Brano consigliato: Noorish – In breve: 3/5

APOKALYPSIS (2011) – La maturazione attesa arriva ma va oltre le più rosee previsioni. È un album duro e astratto, vive sospeso tra i contrasti di delicate melodie vocali e oscure trame strumentali. Le canzoni hanno fisionomie sfuggenti e traggono tanto dal folk quanto dal desert rock, portando in dote un’anima gotica discendente di Nico e Siouxsie. L’artista californiana fa della semplicità del songwriting il suo vessillo e cava capolavori usando anche solo un verso, come la tormentata “Movie Screen”.

Brano consigliato: Tracks (Tall Bodies) – In breve: 4,5/5

UNKNOWN ROOMS: A COLLECTION OF ACOUSTIC SONGS (2012) – L’esordio su Sargent House è bagnato con questi nove brani acustici composti nei primi anni di carriera e circolanti su internet in versioni demo.

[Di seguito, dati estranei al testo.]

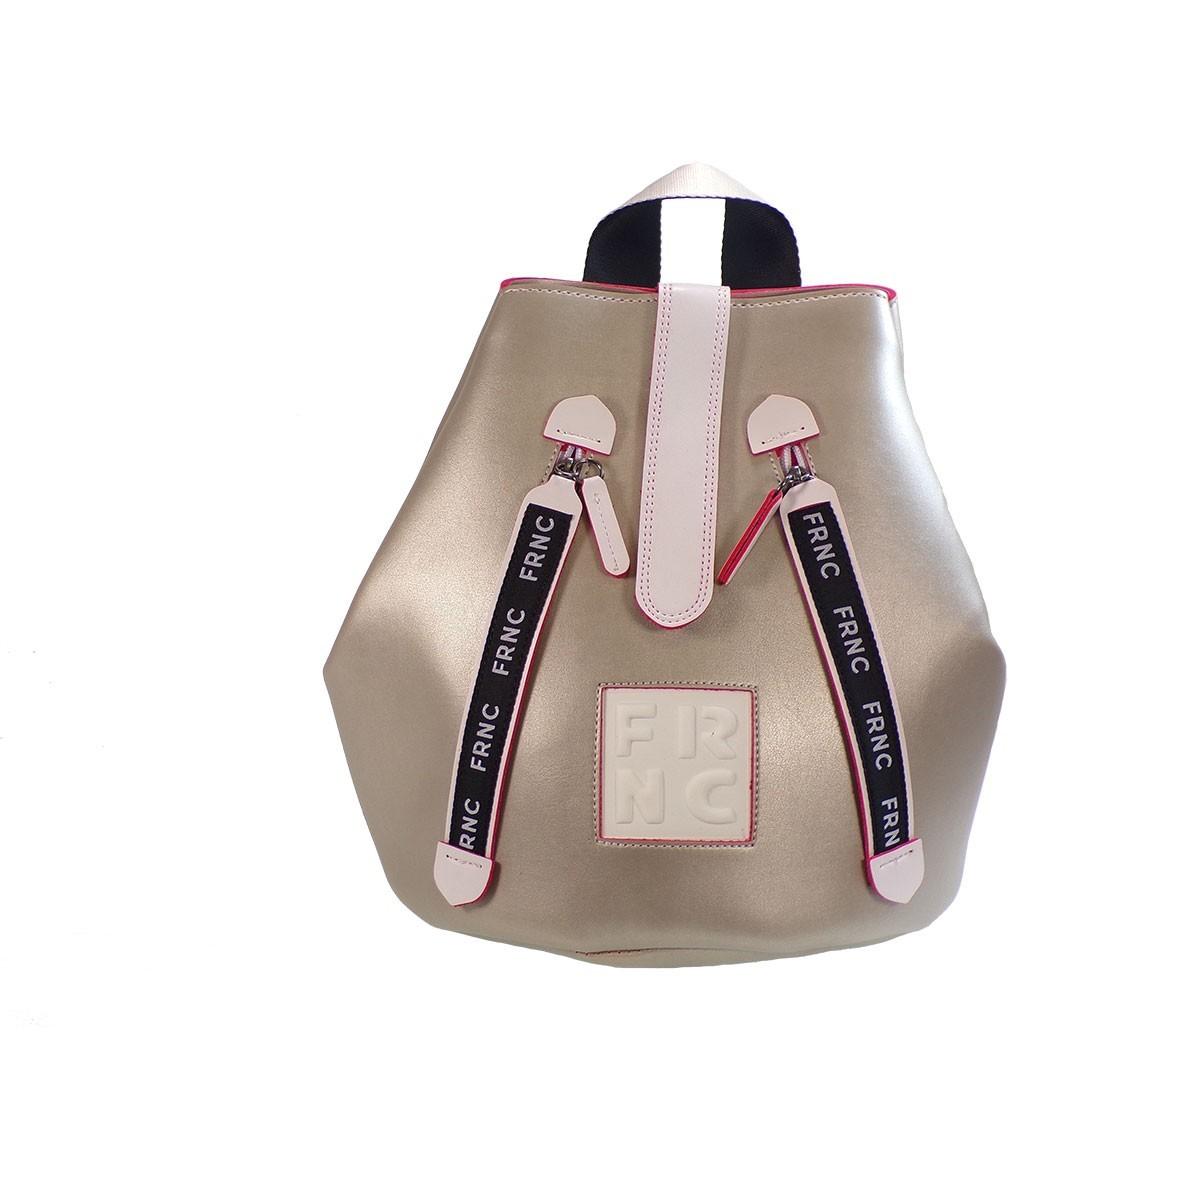 3ab3271d11 FRNC FRANCESCO Τσάντα Γυναικεία Πλάτης-Backpack 1240 Πλατίνα Δέρμα ...

Nonostante la spoglia bellezza di alcuni episodi (“Flatlands”, “The Way We Used To”, “Appalachia”) non splendono aurore sulla scena, non c’è traccia di redenzione e l’atmosfera è tormentata come nella tradizione del folk apocalittico a cui queste tracce, dolenti o nolenti, guardano. Prova di grande versatilità.

Brano consigliato: Flatlands – In breve: 4/5

PAIN IS BEAUTY (2013) – È l’album che spiazza molti. Una potenziale pietra dello scandalo evitata grazie alla capacità della Wolfe di restare se stessa pur cambiando pelle ancora una volta. È electro pop tetro e drammatico, un manifesto di dolore e sofferenza condito da testi suggestivi. La voce è rarefatta, carica com’è di riverbero, e si staglia su paesaggi sonori ricchi di elettronica in cui si affacciano fioriture barocche (“The Warden”), spasmi à la PJ Harvey (“We Hit A Wall”) e il surrealismo dei Cocteau Twins (“They’ll Clap When You’re Gone”). Il capolavoro è “The Wave Have Comes”, otto minuti e mezzo che hanno il decadente e amaro sapore dei versi di Rimbaud.

Brano consigliato: The Wave Have Comes – In breve: 4/5

ABYSS (2015) – L’ennesimo colpo dell’ineffabile Chelsea arriva in piena estate. Esce il 7 agosto e mentre il sole splende sulle spiagge a oscurarlo arrivano undici canzoni nere come la pece. È asfissiante e guarda ad “Apokalypsis” con la consapevolezza di “Pain Is Beauty”. Emerge in tutta la sua pesantezza una vena doom metal che trova senso compiuto in “Iron Moon” e “Dragged Out”, ma quando si sprofonda nell’abisso sono ballad crudeli a prendersi la scena, cuori di tenebra che esplorano le profondità del fragile animo umano.